I've developed a little benchmark. The result of the loop inside this benchmark should be transformed to zero and the next round of my calculation should depend on the zero-"result" of the loop before to measure the latency of the code and not its througput. MOVing the result to another register and XORing itself doesn't work because today's CPUs recognize that an XOR with itself isn't dependent on the instructions before.
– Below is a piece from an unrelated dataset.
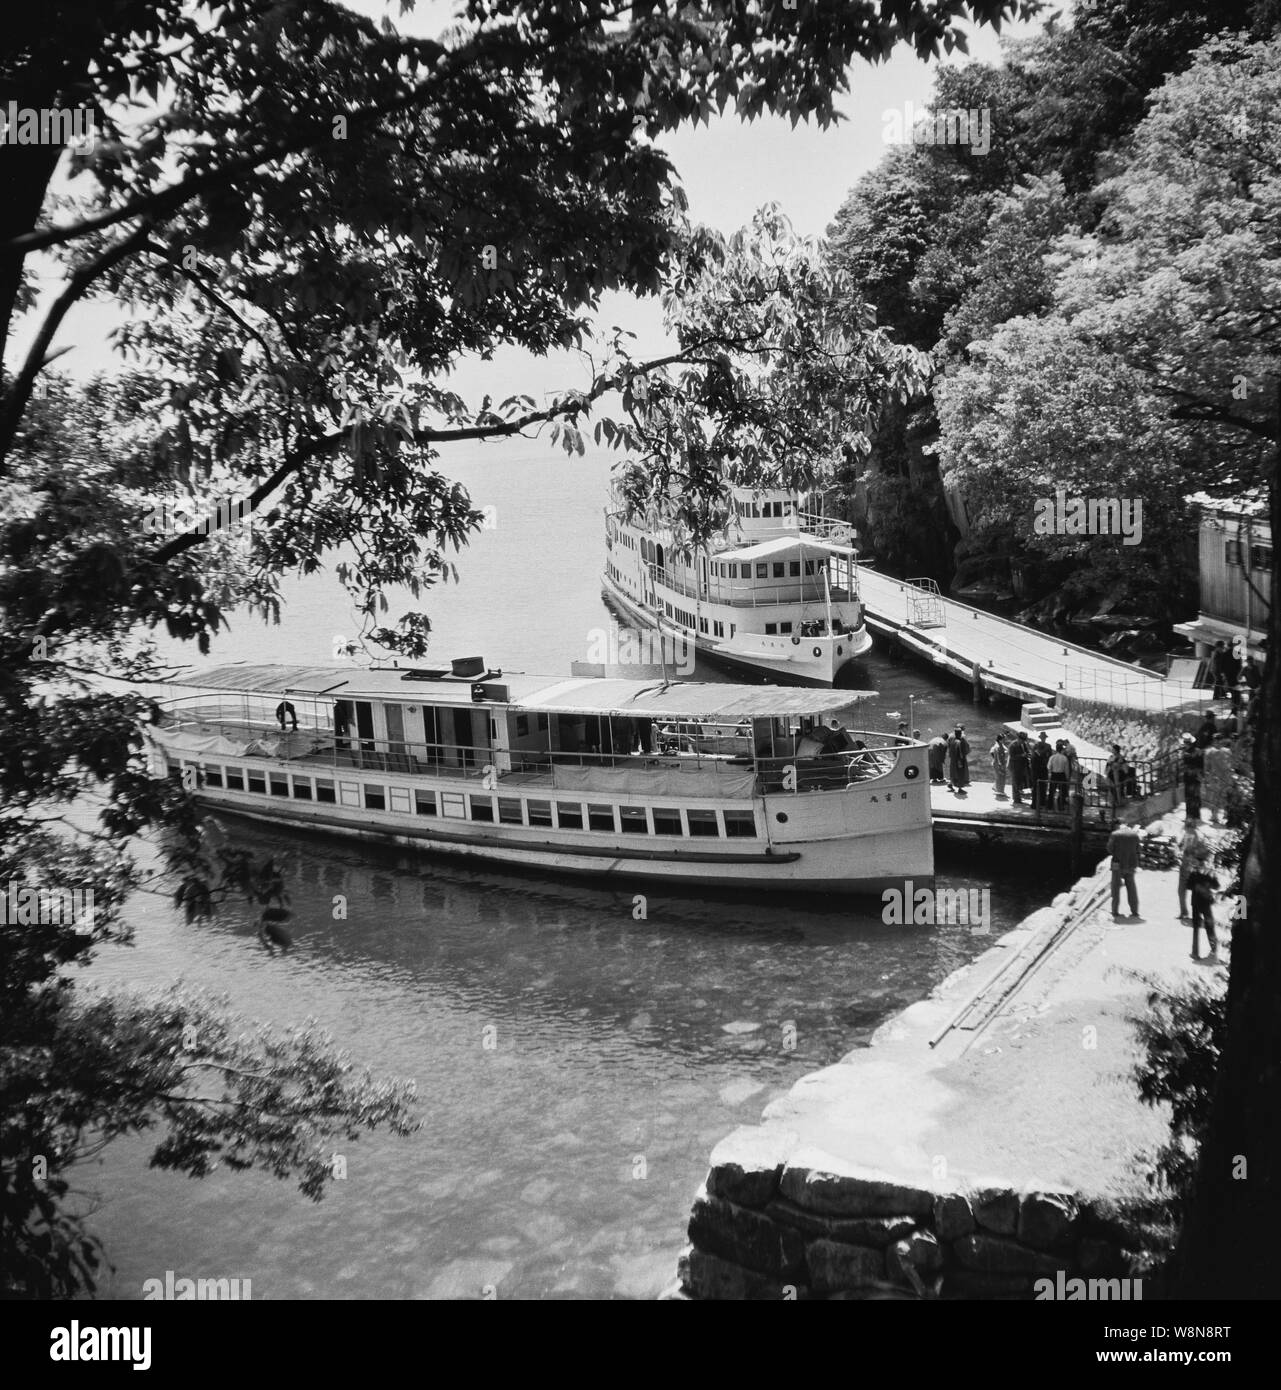 [ 1930 Giappone - nave da crociera sul Lago Biwa ] - Navi del Biwako Kisen Steamship Co.,Ltd., una società che organizza crociere e traghetti sul Lago Biwa nella prefettura di Shiga. La società è stata fondata nel 1869 (Meiji 2) ed è ancora oggi nel mondo degli affari. La nave sul retro di questa foto è il Hakucho Maru (Swan). Essa è stata completata come Momotaro Maru nel marzo 1927 (Showa 2), ma rinominato nel febbraio 1930 (Showa 5). Xx secolo vintage pellicola negativa. Foto Stock

So I tried to subtract the register from itself hoping that the CPU (Ryzen Threadripper 3990X) hasn't such a shortcut like with XOR. I evaluated this with a separate program:
#include <iostream>
#include <chrono>
using namespace std;
using namespace chrono;
int main()
{
auto start = high_resolution_clock::now();
for( size_t i = 1'000'000'000; i--; )
__asm
{
sub eax, eax
sub eax, eax
sub eax, eax
sub eax, eax
sub eax, eax
sub eax, eax
sub eax, eax
sub eax, eax
sub eax, eax
sub eax, eax
}
double ns = (int64_t)duration_cast<nanoseconds>( high_resolution_clock::now() - start ).count() / 10'000'000'000.0;
cout << ns << endl;
}
"Unfortunately" the CPU also does a shortcut here and each instruction takes abut 0.06ns, ie. the CPU does about six sub eax, eax in each clock cycle (4,3GHz).
So is there a way to have an instruction that results in zero and that this instruction is dependent on the instruction before on a moderen CPU ?